One of the advantages of the expansion of the Italian Pavilion is it has led to the opening up of the Giardino delle Vergini (the Garden of the Virgins), which Birnbaum is using to focus the works of a number of artists such as Miranda July, Simone Berti, Lara Favaretto, Dominique Gonzalez-Foerster, Tamara Grcic, Miranda July, and Koo Jeong A. According to Birnbaum, the area “opens up a new atmospheric universe for the exhibition.” It is “full of surprises and provides a uniquely poetic backdrop for artistic interventions.” The pedestrian traffic flow from the Arsenale to the Giardini and the rest of the city of Venice will be greatly aided by a new bridge between the Giardino delle Vergini and the Sestiere di Castello. This will also provide a new access point to the Arsenale, via the Italian Pavillion and should have a positive long-term impact for visitors to the exhibition. As Baratta has noted when the collateral events, national pavilions and even the additional, non-official, Biennale-aligned events such as the opening of Francois Pinault’s new exhibition space Punta della Dogana, are added up, it becomes clear that in addition to the Arsenale and the Giardini there is a third de facto venue for the Biennale: “the city of Venice itself.”

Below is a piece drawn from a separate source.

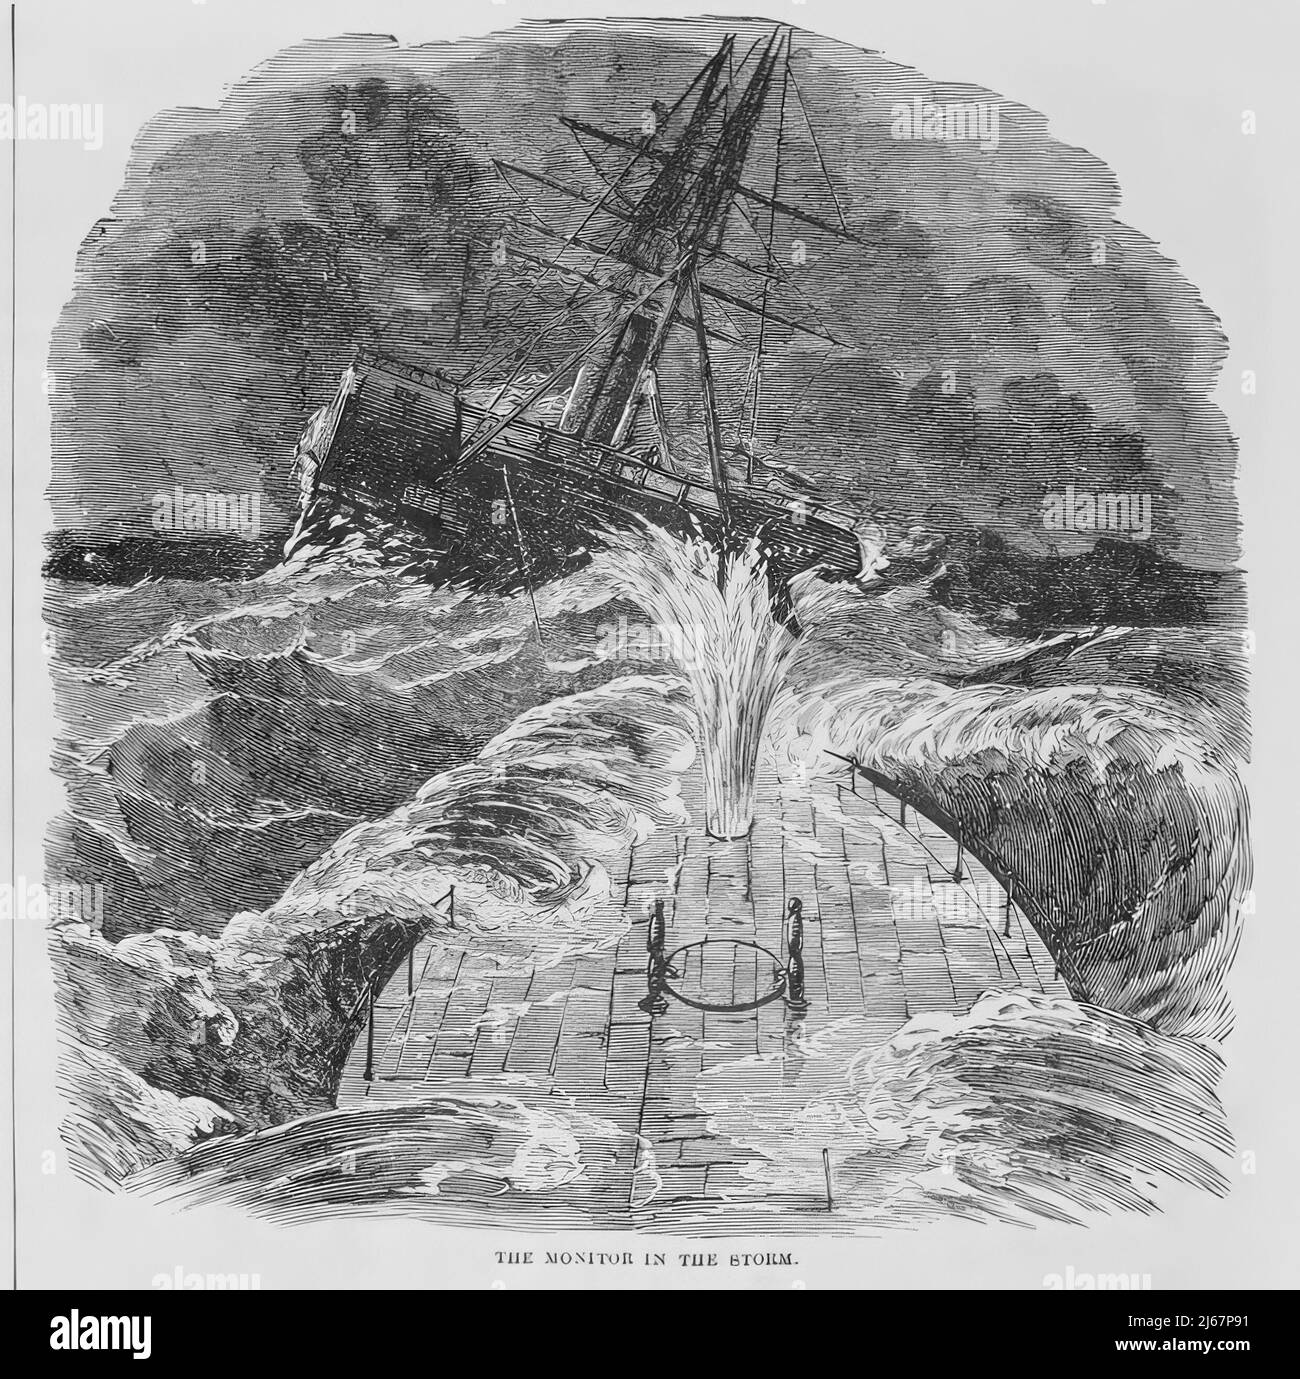 The USS Monitor in the Storm, December 1862, in the American Civil War. 19th century illustration Stock Photo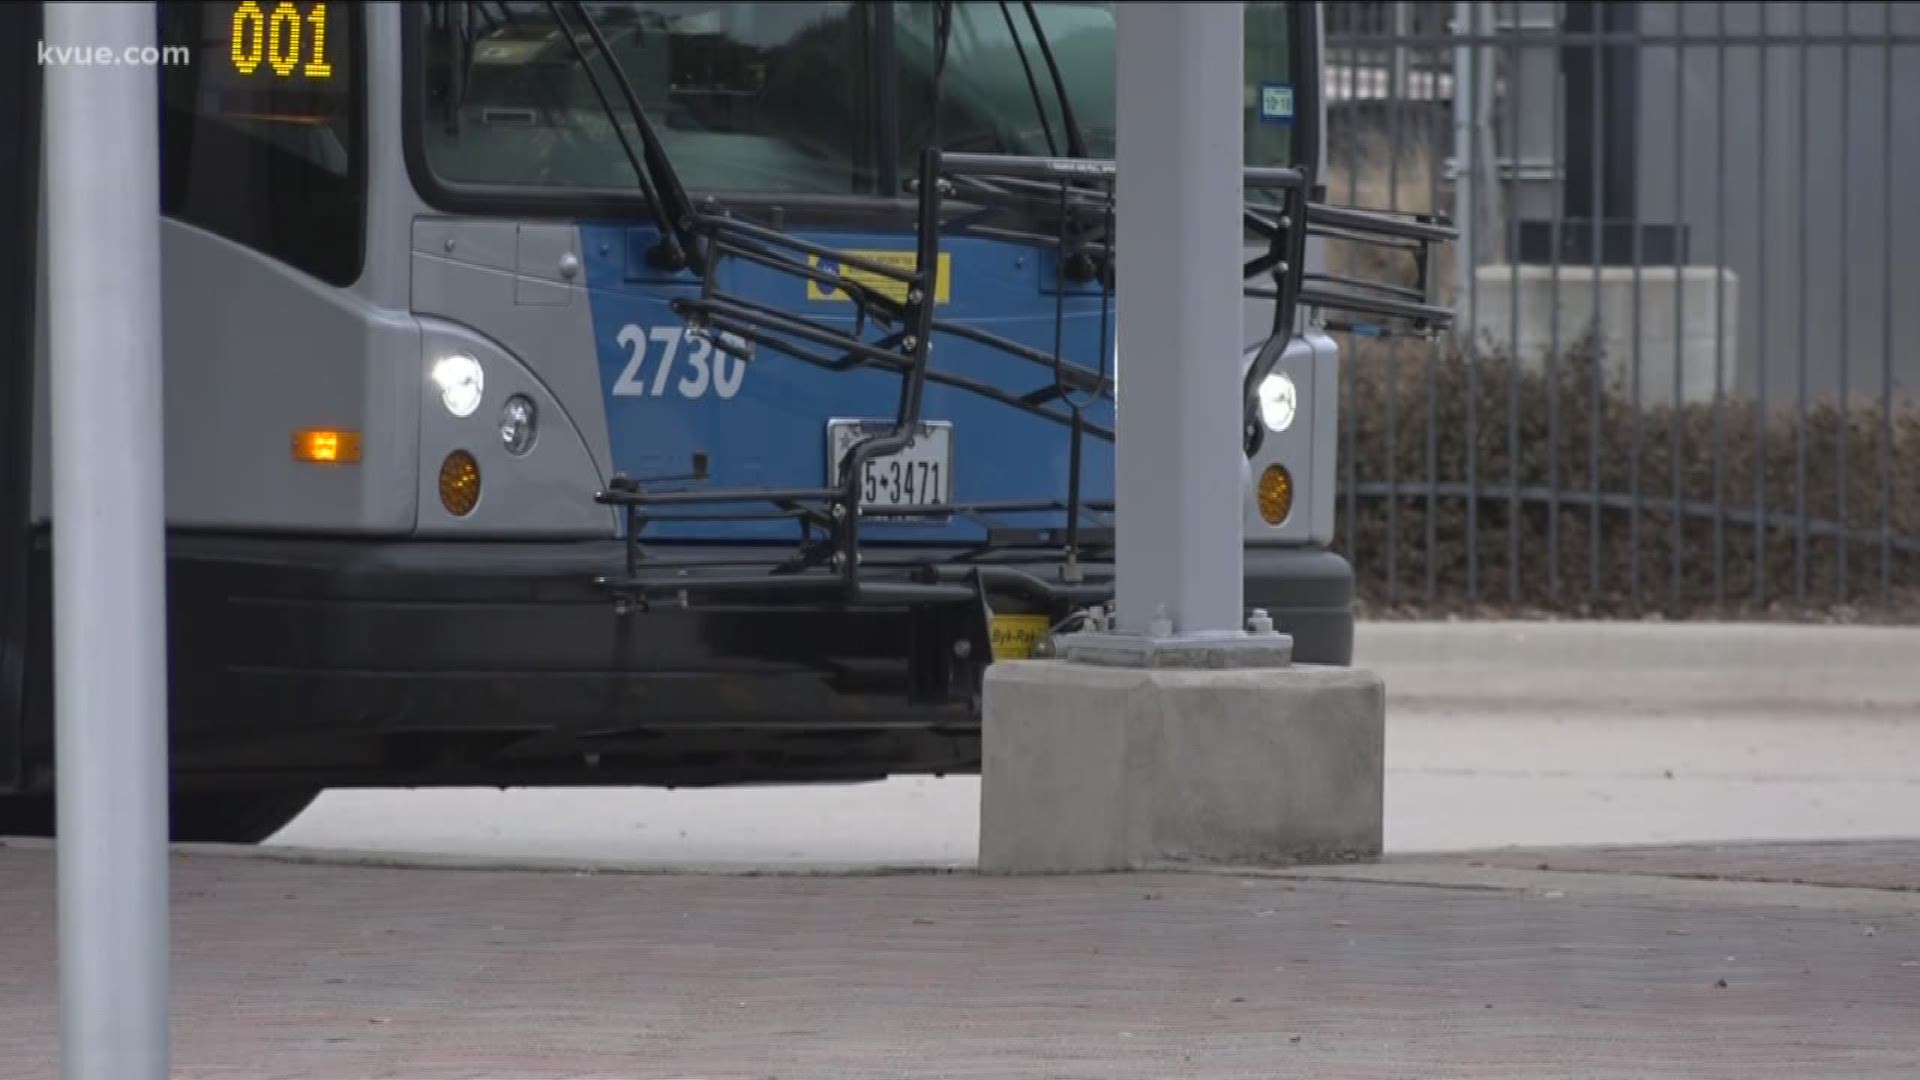 Officials with cap metro decided to make the "Kids Ride Free" pilot program permanent.

Since American curator Franceso Bonami’s ambitious ‘distributed’ Biennale in 2003, the exhibition models pursued by successive directors have represented something of a conservative retrenchment. Whether Birnbaum, a popular art world insider, will represent a break from this period is up in the air, especially given the rather flim flam title and premise of his exhibition Making Worlds // Fare Mondi // Bantin Duniyan // … (the premise of which can be summed up as ‘artists make worlds’). No one can yet predict with any accuracy how this Biennale will stack up against previous ones, what will feel present and contemporary, what will be remembered 10 years from now. Will the 53rd Venice Biennale, in the sole criteria for measuring value beloved of Dick Cheney, be ‘consequential’? Before we even get to the exhibition proper, the long term impact of the new structural innovations for future editions would seem to imply that the answer is: yes.
[From the top: Renderings for Rirkrit Tiravanija’s bookshop, Tobias Rehberger’ s Bar/ Cafeteria and Massimo Bartolini’s Spazio Educational; all images courtesy Fondazione La Biennale di Venezia.]